Uma oncologista e hematologista pediátrica do Hospital Universitário da Universidade Ahmadu Bello, a Dr. Zaria Hafsat Ahmad, liderou uma pesquisa de 8 anos sobre os padrões e os resultados de malignidades infantis naquela instituição; segundo ela, 247 dos 426 casos de cancro infantil diagnosticados entre janeiro de 2006 e dezembro de 2013 eram crianças com menos de 5 anos.

De acordo com os resultados da sua pesquisa, a cirurgia e a quimioterapia foram as modalidades mais comuns de tratamento oferecidas para cerca de 80% dos casos; ainda assim, 1 em cada 3 pacientes morreu.

A investigação também descobriu o quão difícil é determinar a taxa de sobrevivência de crianças com cancro, devido à falta de um Registo Oncológico Nacional viável naquele país.

Muitas vezes existem programas de consciencialização, prevenção e tratamento do cancro, “mas todos eles se têm focado nos adultos; e mesmo que um deles se tenha focado no cancro infantil, não recebeu a mesma atenção e destaque do que programas que se referem a, por exemplo, cancro da mama”, lê-se no estudo.

A Dr. Zaria Hafsat Ahmad falou sobre as causas dos cancros infantil, que são geralmente desconhecidas, “mas há certas coisas que predispõem a criança ao cancro, como a genética, que pode ser herdada ou não. Existem outras coisas como as infeções.
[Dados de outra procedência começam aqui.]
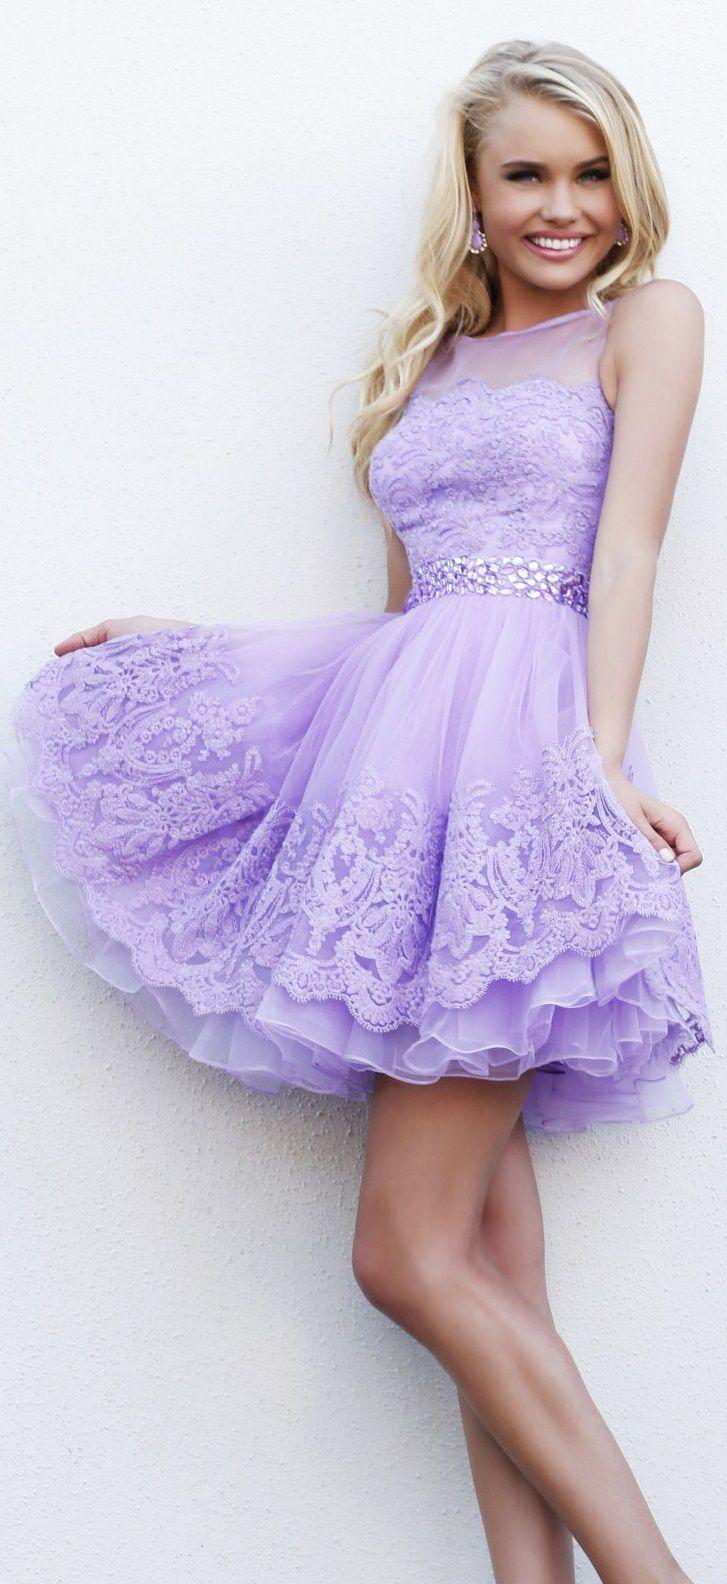 32 best Bridesmaid Dresses images on Pinterest | Bridesmaid, Brides ...

A malária tem sido implicada no desenvolvimento do cancro infantil – como é o caso do linfoma de Burkitt”, disse.

A oncologista explica que também “existe outro vírus que tem sido implicado no desenvolvimento de cancros infantis, que é o vírus do VIH. Além disso, filhos de mães que foram submetidas a radiação durante a gravidez também correm um maior risco de desenvolver cancro”.

Embora haja um aumento de casos de cancro pediátrico, como a leucemia, Zaria afirma que em Abuja existe apenas 1 oncologista pediátrico para cada 40 crianças com cancro.

A falta de informação leva a que os “pais, quando pressentem algo está errado com a criança, mais facilmente a levam a curandeiros ou a igrejas do que a centros de saúde primários, hospitais ou clínicas. Quando as crianças chegam até nós, já os pais gastaram todo o pouco dinheiro que tinham. E as crianças muitas vezes estão já num estado avançado da doença, desnutridas e anémicas”.

“O preço dos tratamentos é muito elevado, para além de que são muito difíceis de encontrar; por isso é que muitos pais fogem ou saem do hospital contra o conselho do médico”, disse a médica.

Runcie Chidebe, psicóloga e diretora executiva do Projeto Pink Blue, uma organização que desde 2013 defende o controlo e o tratamento do cancro, afirmou que existe uma necessidade urgente “de que o governo priorize o cancro a todos os níveis: prevenção, cuidado e tratamento. O financiamento e o orçamento para a saúde são muito baixos na Nigéria”.

“Para a população da Nigéria, 8 centros de cancro, onde apenas 3 ou 4 máquinas de radiação funcionam, são insuficientes. Seria extremamente benéfico se as triagens pudessem ser feitas em centros de saúde públicos e hospitais, de forma a podermos detetar a doença mais cedo, o que fará com que o prognóstico seja melhor”, disse a psicóloga.

É difícil determinar qual a proporção de crianças que recebe ajuda médica.

Fátima e Abijia são apenas parte das 200 mil crianças diagnosticadas anualmente com cancro em todo o mundo, mas poderiam ter sido salvas se tivessem sido diagnosticadas de forma precoce e tratadas adequadamente.